Trudeau govt. to spend over $100 billion on economic recovery, create $10 a day child care


Budget 2021: A Recovery Plan for Jobs, Growth, and Resilience was tabled on Monday afternoon by Deputy Prime Minister Chrystia Freeland who is also Canada’s first female Minister of Finance. 

The Federal Liberal’s financial road map to bring the country’s pandemic-battered economy back on track expects to spend over 101.4 billion over three years in proposed investments that will create good jobs, finish the fight against COVID-19 and and “ensure a robust economic recovery that brings all Canadians along”.

“This budget is about finishing the fight against COVID-19. It’s about healing the wounds left by the COVID-19 recession,” said Chrystia Freeland. “And it’s about creating more jobs and prosperity for Canadians in the days—and decades—to come.”

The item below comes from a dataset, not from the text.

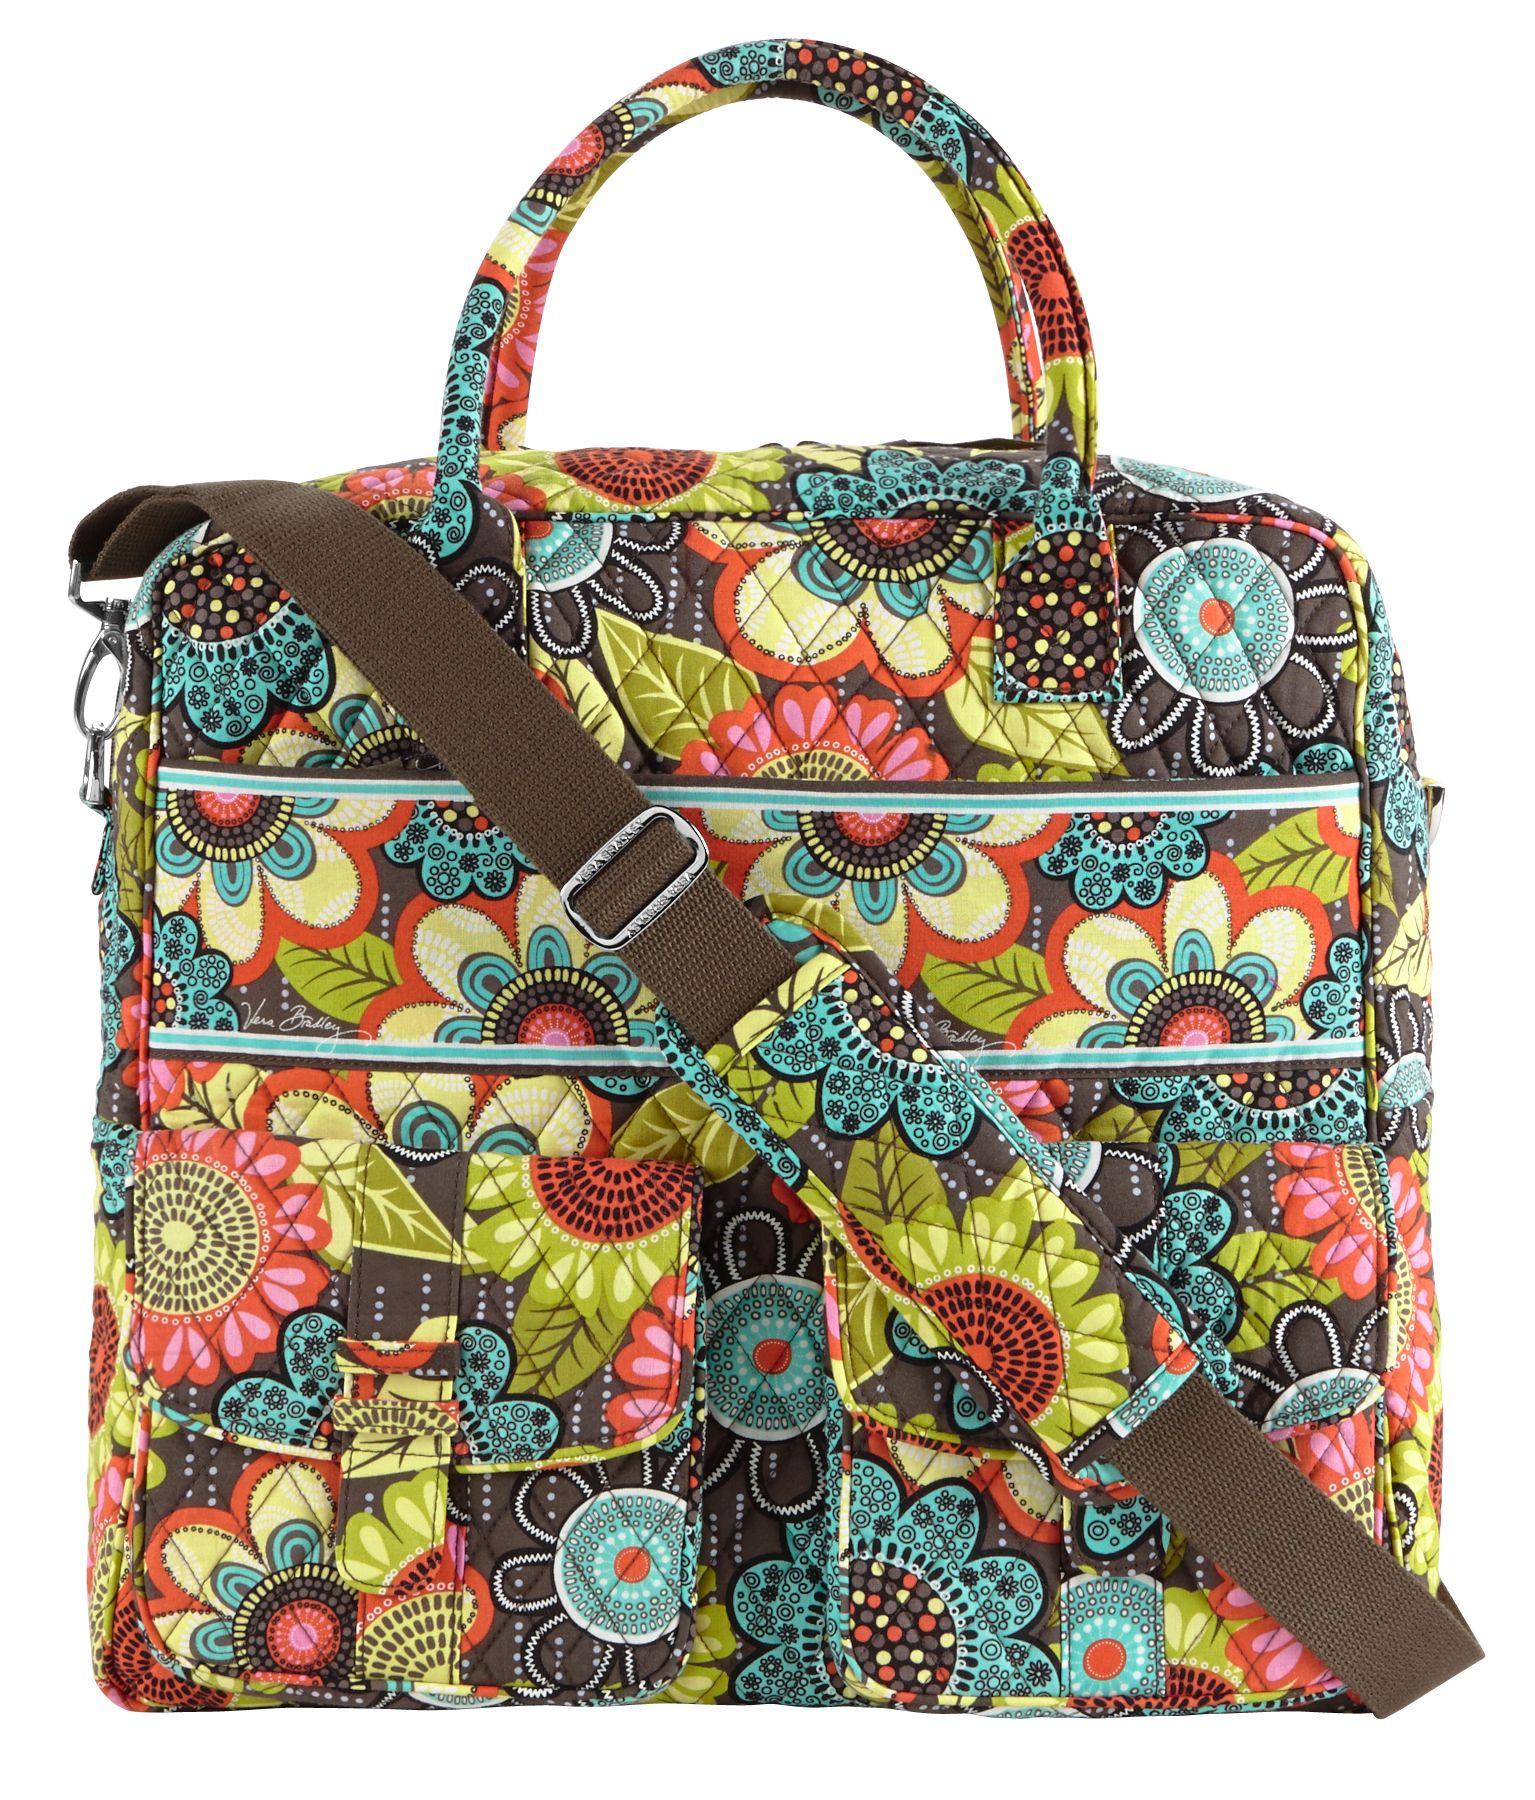 Vera bradley grand cargo bag in flower shower sale travel for Vera bradley bathroom bag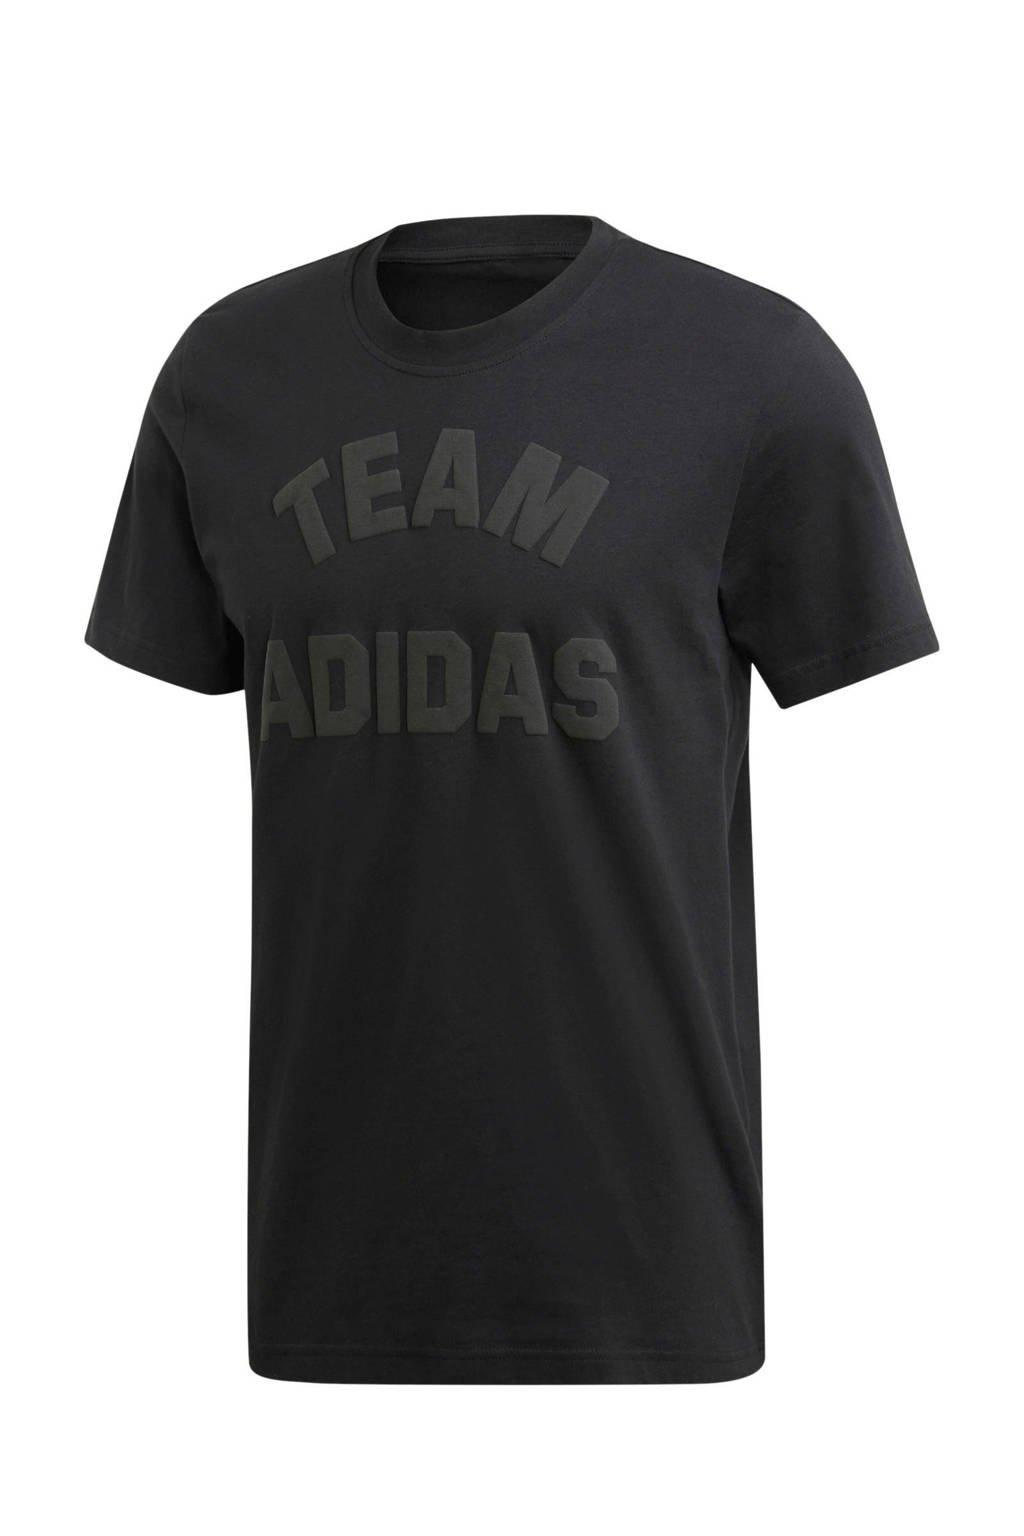 adidas   sport T-shirt antraciet, Black

What stood out amidst the Trudeau government’s proposal to extend a number of pandemic benefits was a promise to establish a low-cost national early learning and child care system in partnership with provincial, territorial, and Indigenous partners.

This plan will aim to reduce fees for parents with children in regulated child care by 50 per cent on average, by 2022, with a goal of reaching $10 per day on average by 2026, everywhere outside of Quebec. The budget proposes new investments totalling almost $30 billion over the next five years and $8.3 billion ongoing to support this vision.

Other highlights include:

  • Extending the Canada Emergency Wage Subsidy, the Canada Emergency Rent Subsidy and Lockdown Support until September 25, 2021.
  • Extending the number of weeks available for  income support for Canadians such as the Canada Recovery Benefit and the Canada Recovery Caregiving Benefit.
  • Enhancing Employment Insurance sickness benefits from 15 to 26 weeks.
  • Increasing Old Age Security for seniors age 75 and older to provide them with better financial security.
  • A new Canada Digital Adoption Program that will assist over 160,000 businesses with the cost of new technology. And it will provide them with the advice they need to get the most of new technology with the help of 28,000 young Canadians who will be trained to work with them.
  • Allowing Canadian small businesses to fully expense up to $1.5 million in capital investments in a broad range of assets, including digital technology and intellectual property. This represents an additional $2.2 billion investment in the growth of Canada’s entrepreneurs over the next five years.
  • Revitalizing Canada’s tourism sector through $1 billion to help tourism businesses recover and support festivals and cultural events that provide jobs and growth in many of our cities and communities.
  • Supporting women, Black Canadians, and other underrepresented entrepreneurs who face barriers to launching and owning businesses through $300 million to enhance initiatives like the Black Entrepreneurship Program and the Women Entrepreneurship Strategy.
  • Establishing a $15 federal minimum wage.
  • Enriching the Canada Workers Benefit, which will support about 1 million more Canadians and lift nearly 100,000 people out of poverty. This will result in additional support of $8.9 billion over six years for Canada’s low-wage workers.
  • Helping to build, repair, and support 35,000 affordable housing units for vulnerable Canadians through an investment of $2.5 billion and a reallocation of $1.3 billion in existing funding.
  • Investing $17.6 billion in a green recovery that will help Canada to reach its target to conserve 25 per cent of Canada’s lands and oceans by 2025, exceed its Paris climate targets and reduce emissions by 36 per cent below 2005 levels by 2030, and move forward on a path to reach net-zero emission by 2050.
  • Closing the gaps between Indigenous and non-Indigenous peoples, supporting healthy, safe, and prosperous Indigenous communities, and advancing meaningful reconciliation with First Nations, Inuit, and the Métis Nation through an historic investment of over $18 billion. 

Canada entered the pandemic in a strong fiscal position, said the Federal Liberals. This allowed the government to take quick and decisive action, supporting people and businesses, and put it in the position to make historic investments in the recovery. Recovery has been uneven to date as Canada has now faced three waves of the virus. Budget 2021 is committed to reducing the federal debt as a share of the economy over the medium-term and unwinding COVID-19-related deficits. This framework is prudent and sustainable, with the federal debt-to-GDP ratio expected to fall to 49.2 per cent by 2025-26 and the deficit to reach 1.1 per cent of GDP that same year, a lower deficit ratio than was forecast—in December 2019 prior to the onset of COVID-19—for 2019-20 and 2020-21.